> _TASK STATEMENT_: Every line of the listing must be reproduced as it stands. Leave the images behind.

> _SOURCE DATA_:
§ §
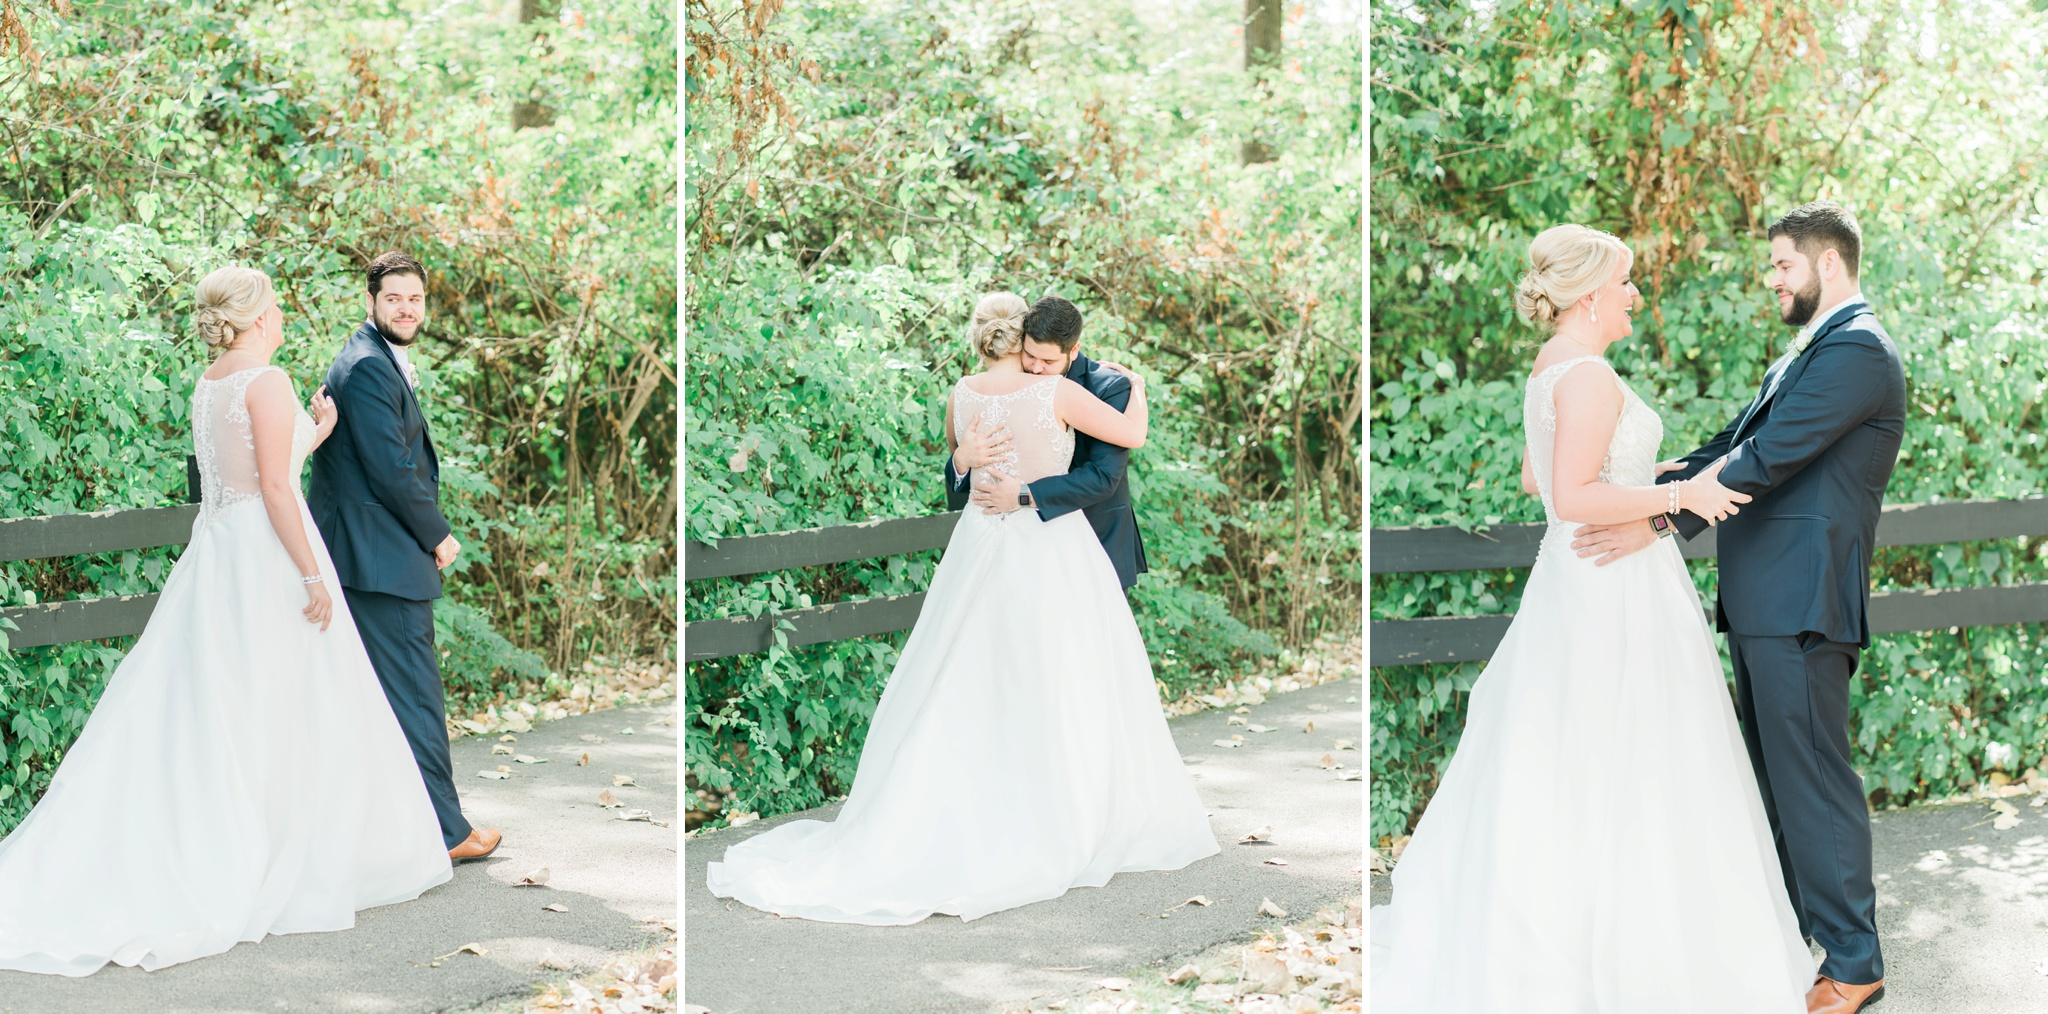 aladdin-shrine-center-wedding-grove-city-ohio-amber-jared_0029.jpg
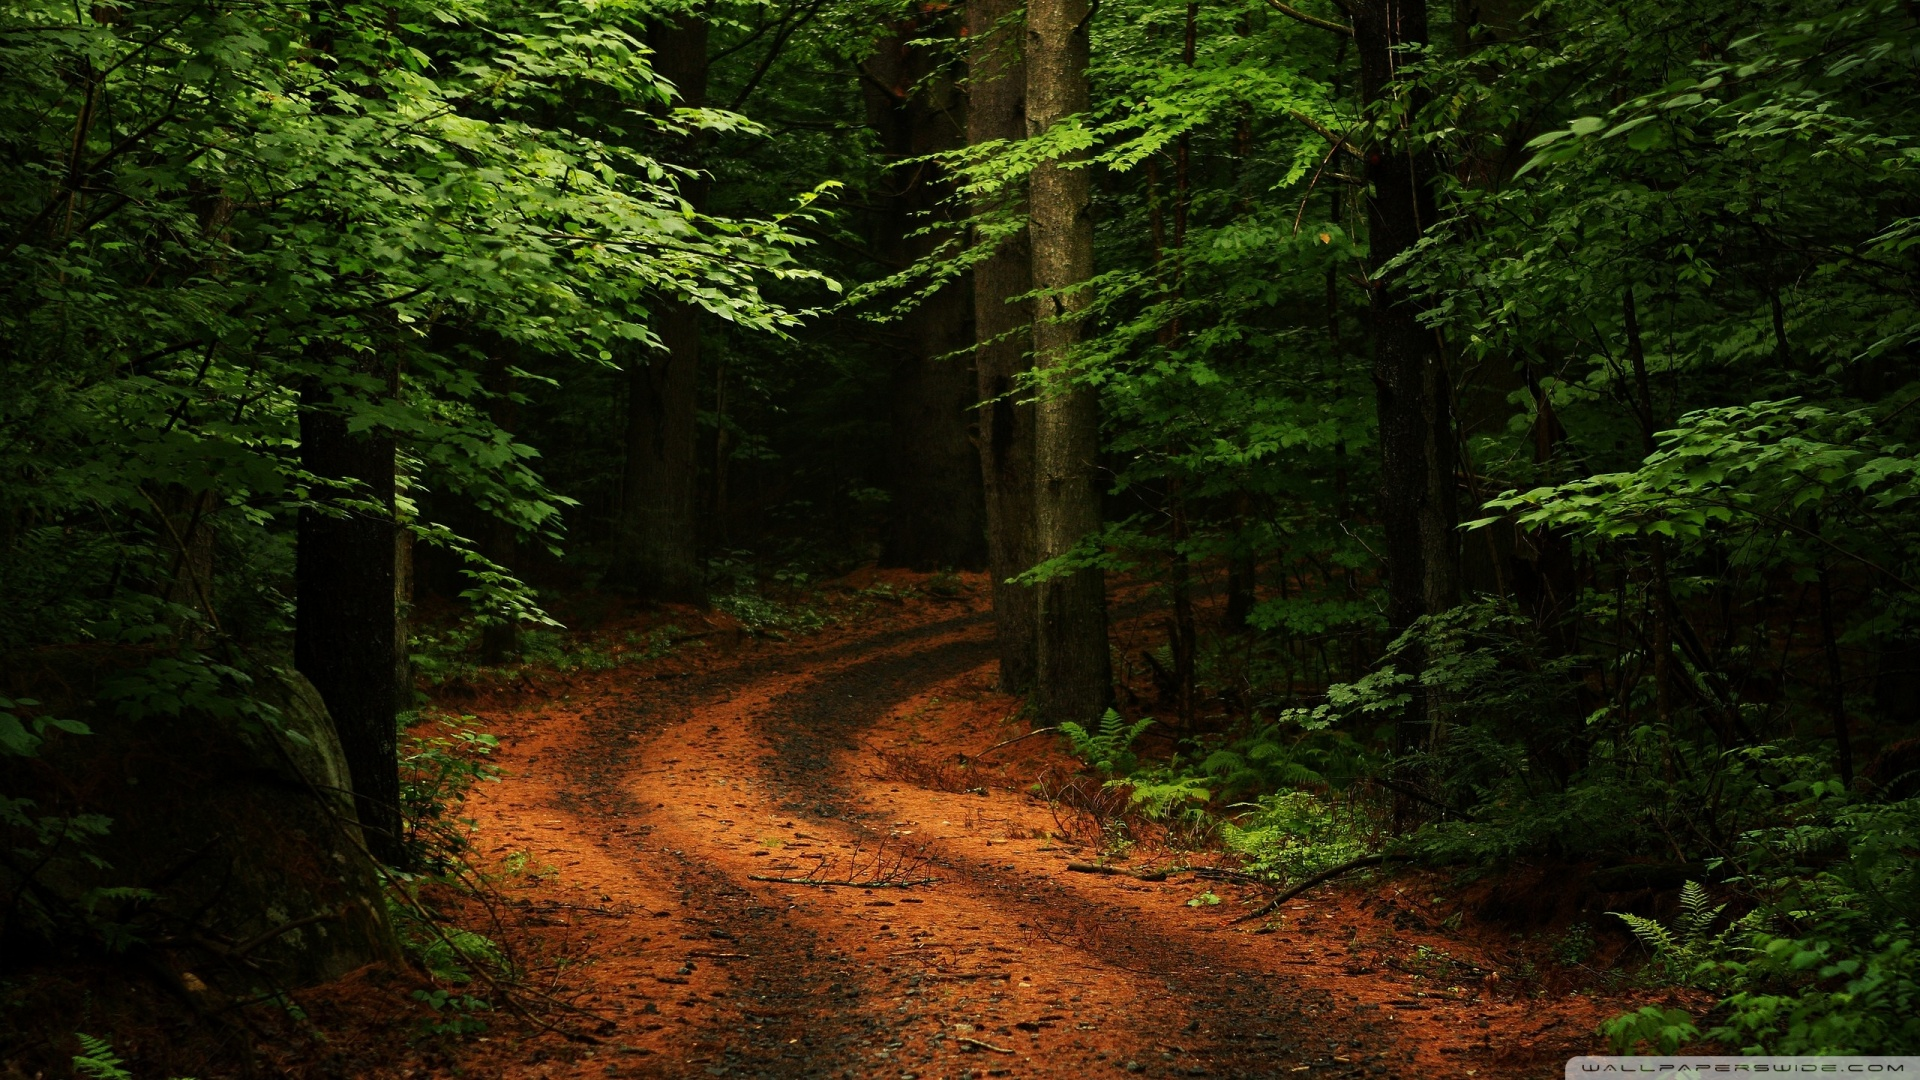 beautiful_forest_path_2-wallpaper-1920x1080
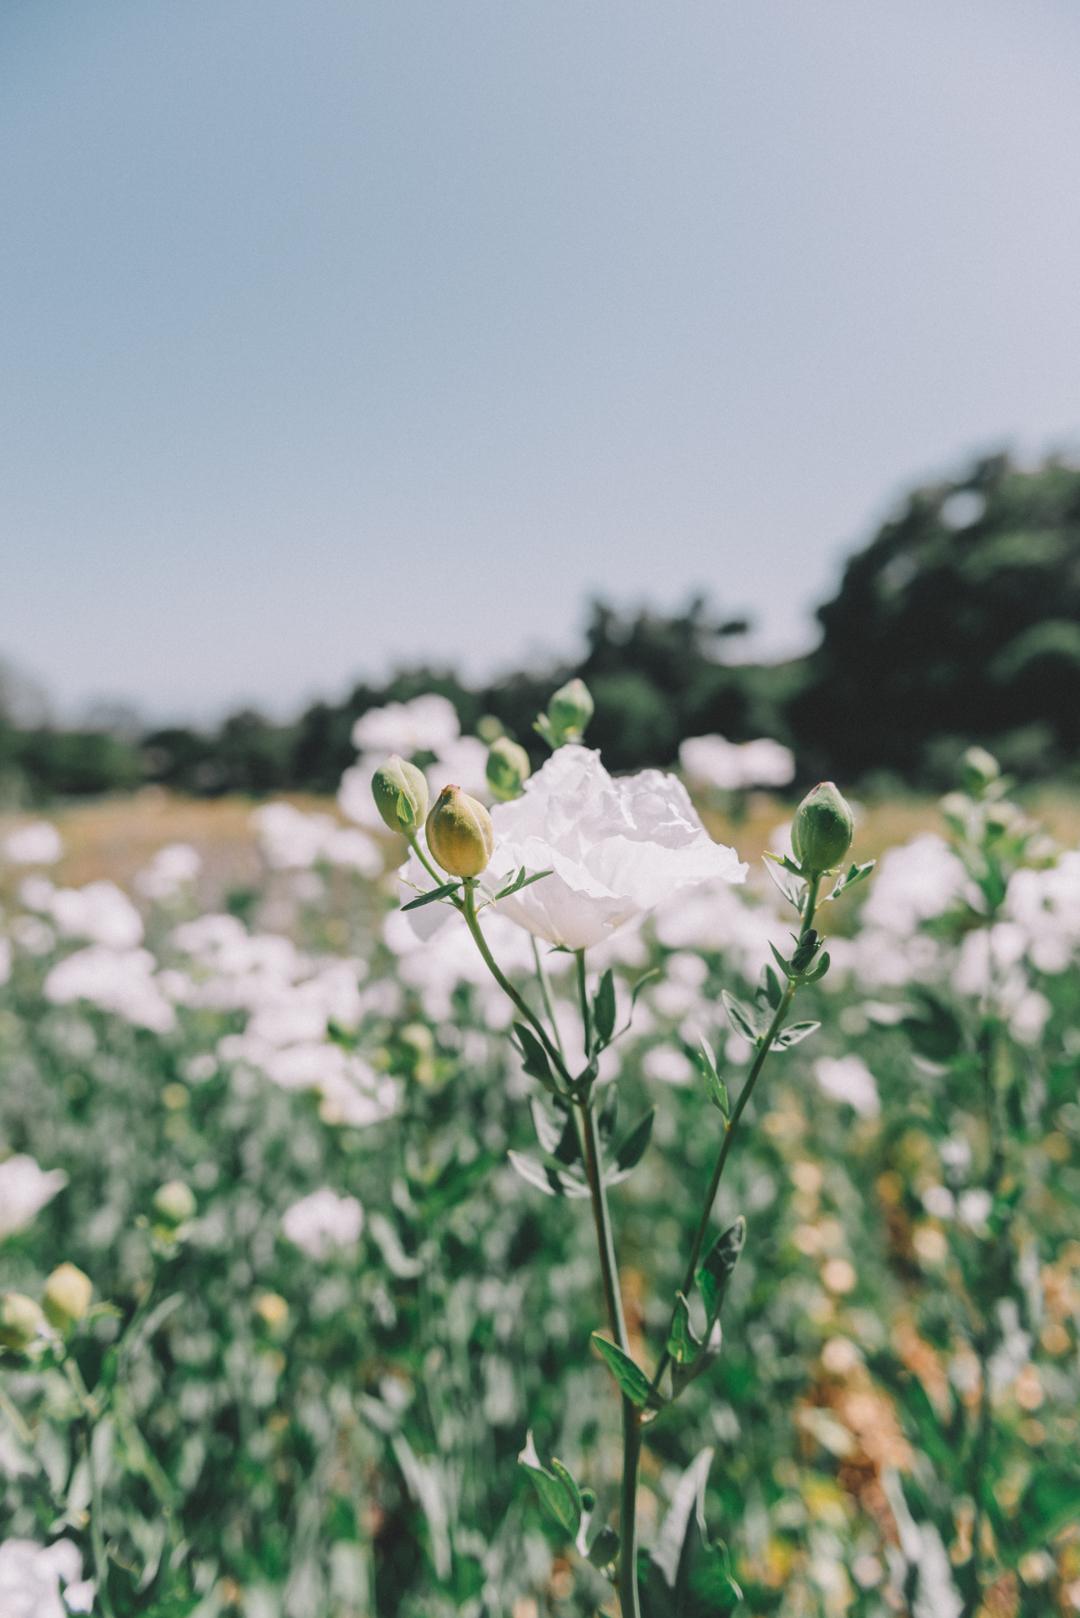 5. Hike at the Botanic Garden - A Historic Landmark
§ §
> _COMPLETED EXERCISE_:
 aladdin-shrine-center-wedding-grove-city-ohio-amber-jared_0029.jpg
 beautiful_forest_path_2-wallpaper-1920x1080
 5. Hike at the Botanic Garden - A Historic Landmark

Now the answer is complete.